For those of you with zero experience around the Virgo nature, whose entire worldview of us was formed by the scant information you picked up on the back of a celestial cereal box, we are not, contrary to the party line, all that.
We are partly that: the Organizer, the Planner, the Gals (and Dudes) of the Brother P-Touch/Dymo Brigades. Some friends stare at my magnetized remotes and my coordinated-by-color closet agape with wonder. A smaller subset rolls their eyes, having ridden in the filth pit that is my car on any given day (what is the passenger-side footwell for if not my mobile detritus?) or lain on my carpet with its soft, cushy, overlayer of 100% human hair (hey, vacuuming is for suckers...hahaha!)
Or, to bring it on home to stuff I actually give a rat's ass about, some people (god bless you, fine people!) seem to think there's something noteworthy about the way I string words together into sentences, or make an idiot fool out of myself in a shower cap for the sake of a couple thousand laughs. I do appreciate it (truly, BLESS you fine people!) but know that for me, those things are frictionless. In the same way that other are naturally athletic, social or brilliant at making a buck, I'm good with the words and the goofy. It's my metier. It's my EZ Zoneâ„¢. It's even my default setting: I have to be careful not to retreat into it, but to use it as a foundation to build out.

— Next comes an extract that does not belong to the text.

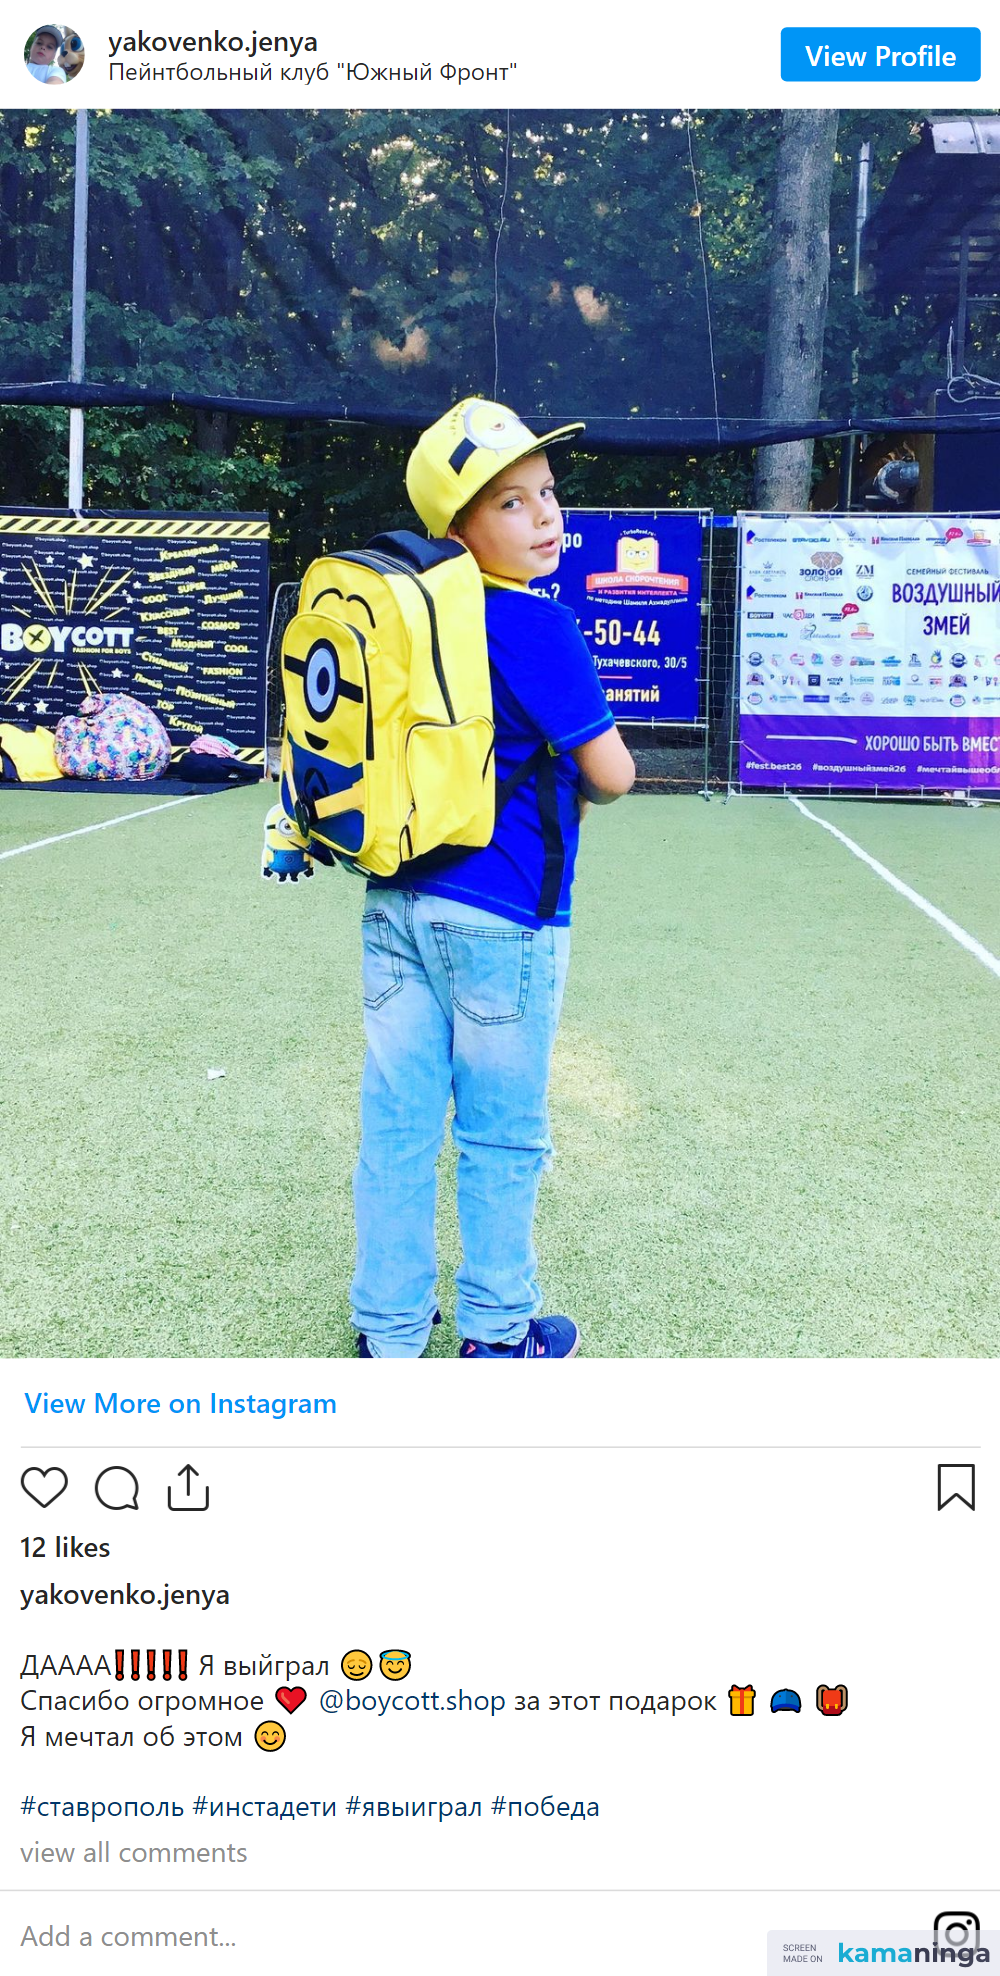 https://www.instagram.com/p/B11LV8AJ1nV/

Take storytelling, for example. I suck at it! No, really! No, seriously, have you listened to Ira Glass or the Moth podcasts? Those people can tell stories. I try and I try and while I'm better at it than I used to be, it's a form I'll probably always struggle with. I'm an essayist-with-a-moral person, and that's a very different thing than being a story-with-a-beginning-middle-and-end person. I can do it, but not off the cuff. It takes painstaking practice. When I want to do well, I take the pains.
Or jokes. I suck at telling jokes! No, really, I do! People think I must be great at it because I'm so down with the goofy, but a good joke, a story joke, is, again, a puzzlement to me. Like writing with my non-dominant hand or trying to learn a foreign language. (If you want to see it done well, check out these Old Jews Telling Jokes. Maybe by the time I'm an old half-Jew, I'll be half as good. But I'm not holding my breath.)

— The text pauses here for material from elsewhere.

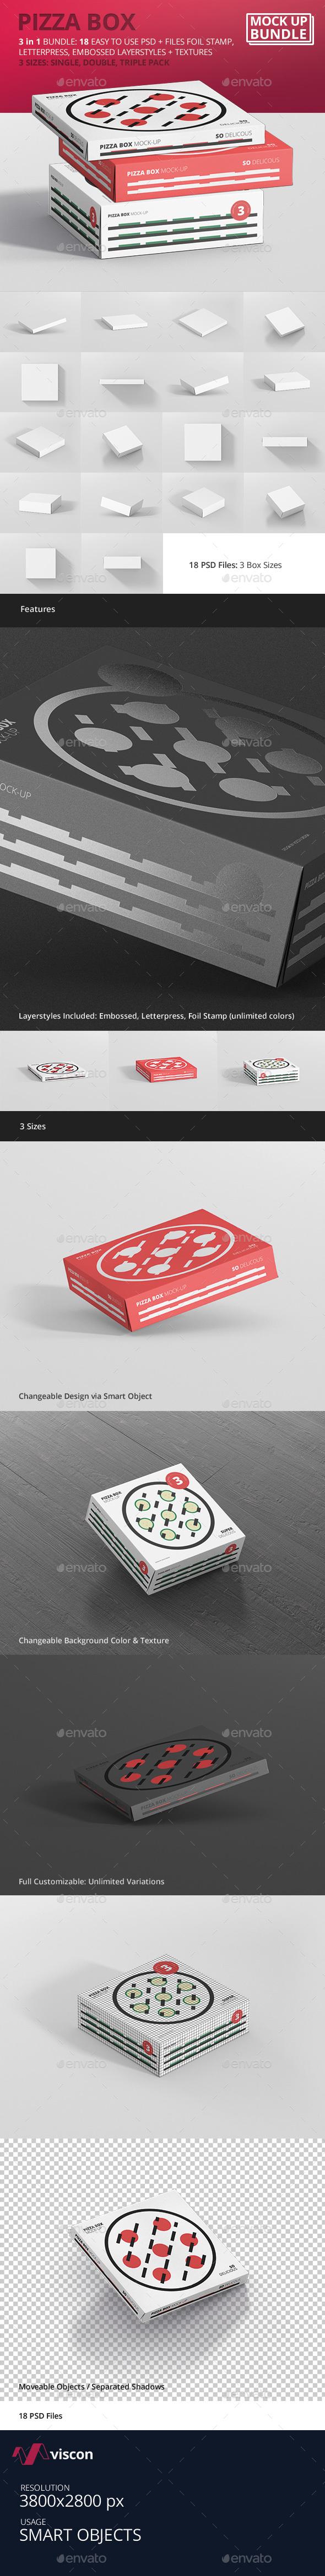 Pizza Box Mockup Bundle

I suck at a lot of other things: things that you'd figure (sports, powerlifting, painting) and things you'd not figure, given my Virgo nature. Managing money, every aspect of managing money, has always been a struggle for me. It's only because of incredible luck and good fortune (they're different, you know) that things have worked out this well. But between my inexorably advancing age and the somewhat sudden death of my father (whom I always considered my safety net should things go really wrong), I've finally come to realize that while luck and fortune are fine things, they are not to be counted on. My moments of realizing this added up to a kind of renewed vigor to TCB, and a couple of years ago, I brought in some help in the form of a bookkeeper, to show me how the grownup people did it.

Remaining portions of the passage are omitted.